Прилагаю к письму почтовые открытки для моих родителей, Сая, капитана Ямато, Наруто и Какаши-сенсея. Обязательно расскажи мне, как идут твои дела, как там все.
Береги себя!
Твоя подруга,
Х.Сакура
3.
— Ка-а-а-анкуро-о-о-о.
— …
— Ка-а-анкуро-о-о-о-о!
— …
— А-а-а-а-а-а-а, Ка-а-а-а-а-анкуро-о-о-о-о-о!
Из глубины дома послышалась возня. Что-то кому-то куда-то упало — кажется, на ногу, судя по сдавленным шипящим ругательствам.
— Ну чего тебе?! — наконец-то недовольно отозвалось из мастерской.
— Я умираю, — трагично заявила Сакура. И для более нагнетающей обстановки свалилась с дивана, на котором до этого лежала и страдала.
Кажется, у него в мастерской тоже что-то свалилось — не исключено, что это был он сам. Раздался звук шуншина и, моментально, звук, который издаёт человек, когда с большого такого размаха налетает мизинцем на тумбочку.
— Ты жив? — спустя миг поинтересовалась для справки Сакура.
— А-ы-о-у-о, — невнятно отозвался коридор, в глубине которого прыгал на одной ноге Канкуро.
Она бы похихикала, если бы ей не было так паршиво.
Когда он наконец-то добрался до гостиной, слегка прихрамывая, Сакура уже мысленно составила завещание, хотя завещать было, собственно, нечего.
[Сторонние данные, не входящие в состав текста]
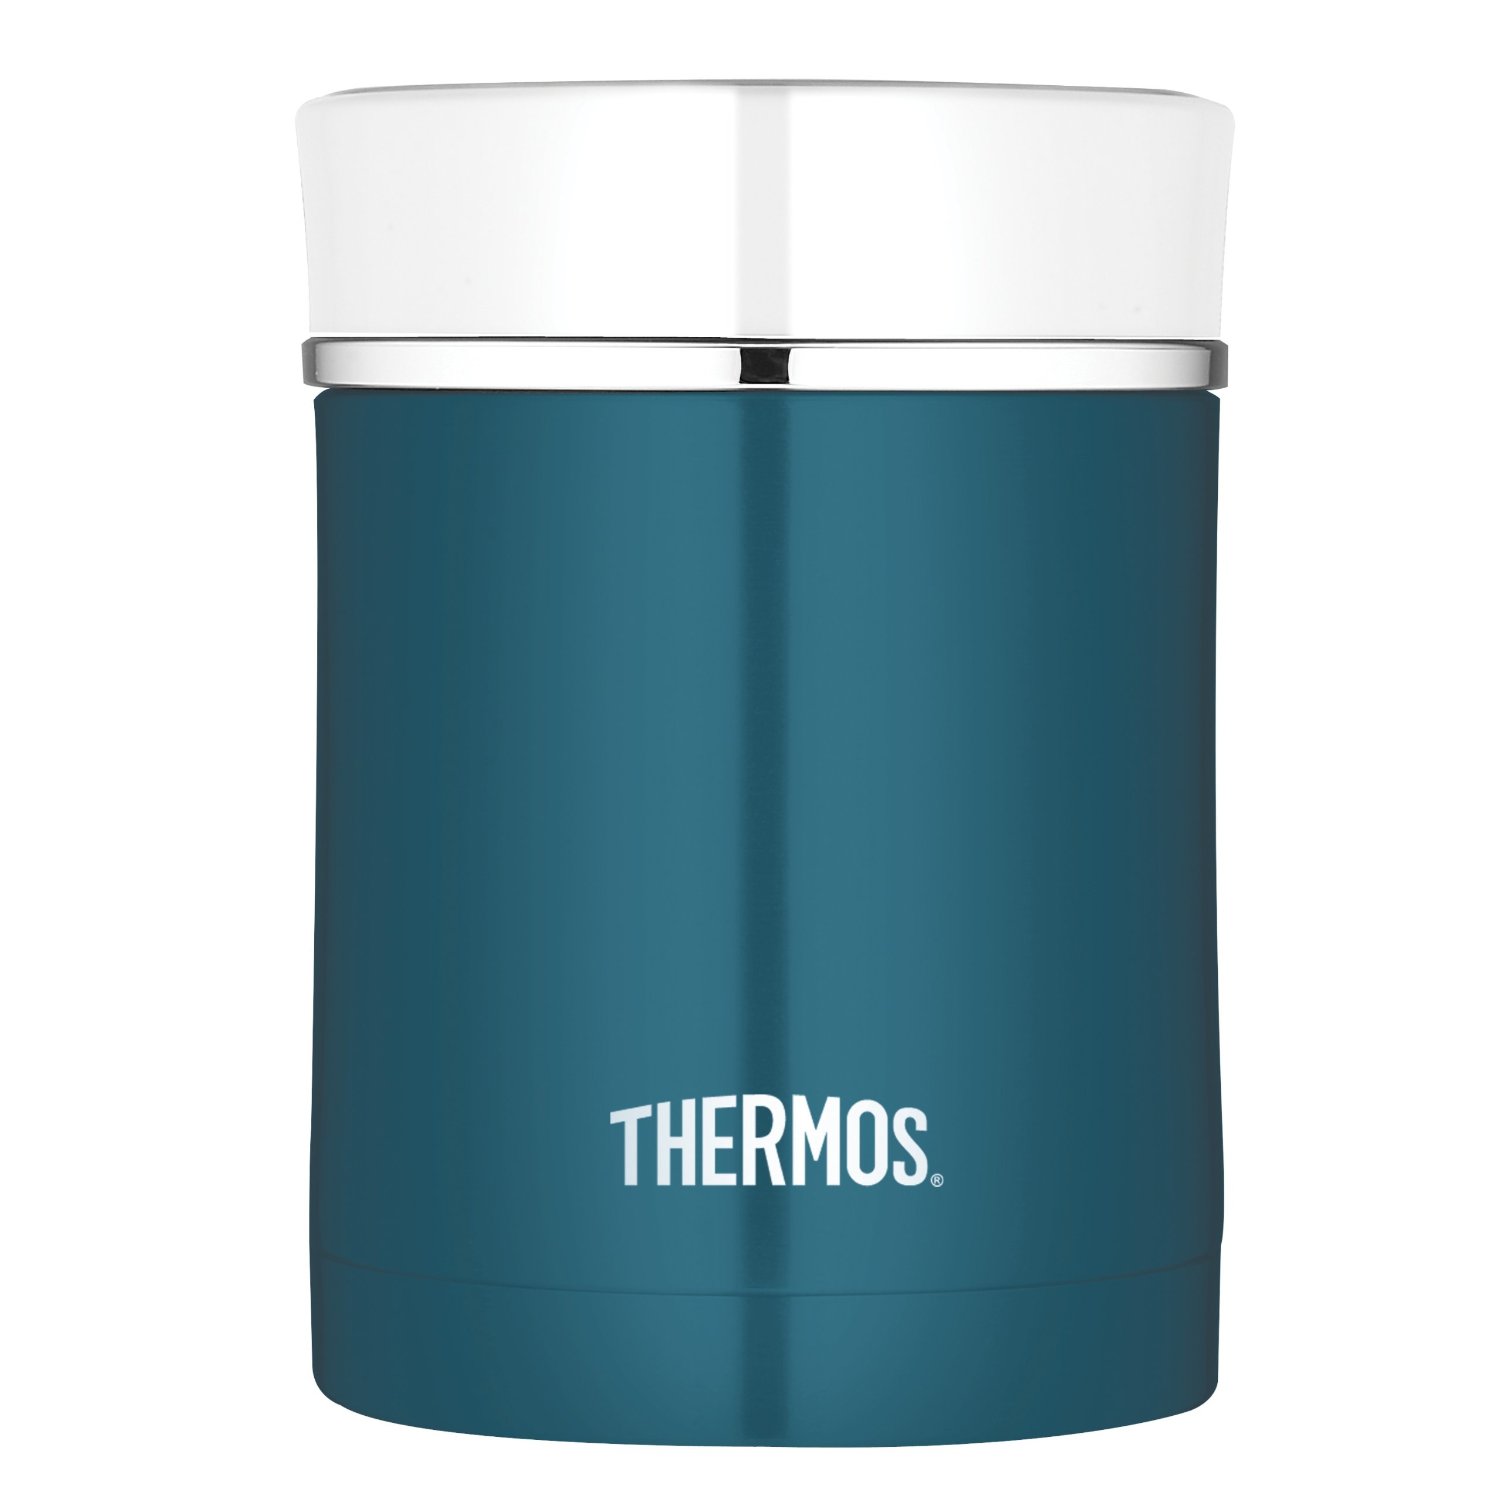 Thermos Sipp 16 Ounce Stainless Steel Food Jar, Teal $14.89

— И чего ты умираешь? — недовольно спросил Канкуро. Лицо у него было накрашено только наполовину — ровную половину — а за ухом торчал длинный гвоздь. Как говорится, так много вопросов, так мало ответов.
— Мне плохо, — с ещё большим трагизмом сообщила Сакура, не отрывая носа от ковра.
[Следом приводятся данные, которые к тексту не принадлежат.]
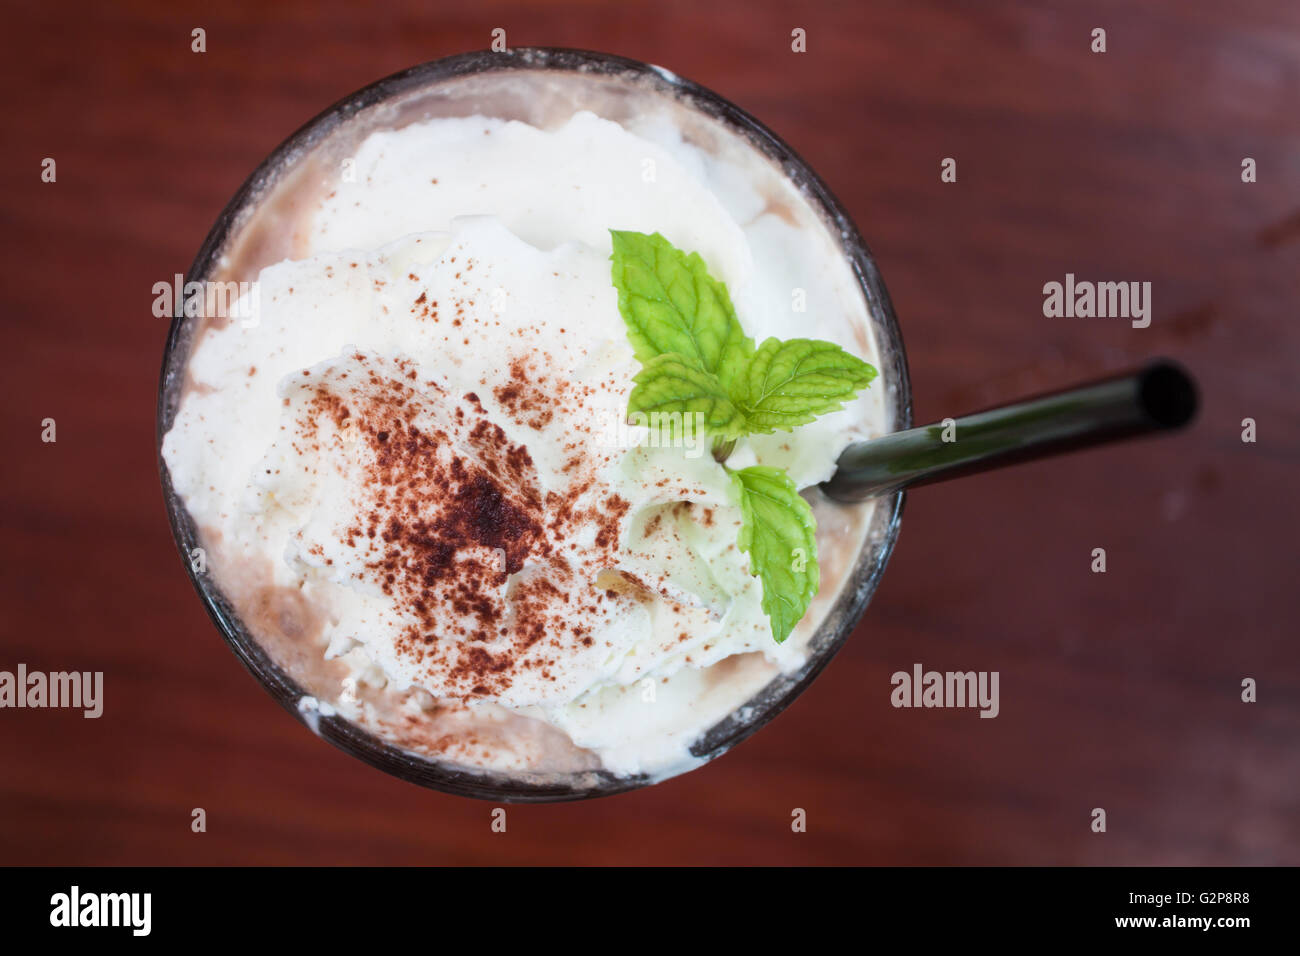 Iced coffee toping with whipped cream, stock photo Stock Photo

Канкуро задумчиво почесал голову.
— Это я, предположим, понял. А поконкретнее?
— Солнечный удар, — печально вздохнула Сакура. — Это как очень сильное похмелье, но без рвоты. Голова горячая, пить хочется. А ещё я хочу встать, но не могу. Поработала в первую половину дня на улице, называется. Иду домой, а мне плохо. А как пришла, так ещё хуже стало.
Он без лишних слов легко подхватил её, перевернул и взял на руки.
Сквозь мученическую головную боль Сакура вспомнила, что вообще-то её давно так не … перемещали. И давно за ней не ухаживали, даже когда болела очередным вирусом, (от них только Бьякуго спасёт, а часто пользоваться печатью вредно).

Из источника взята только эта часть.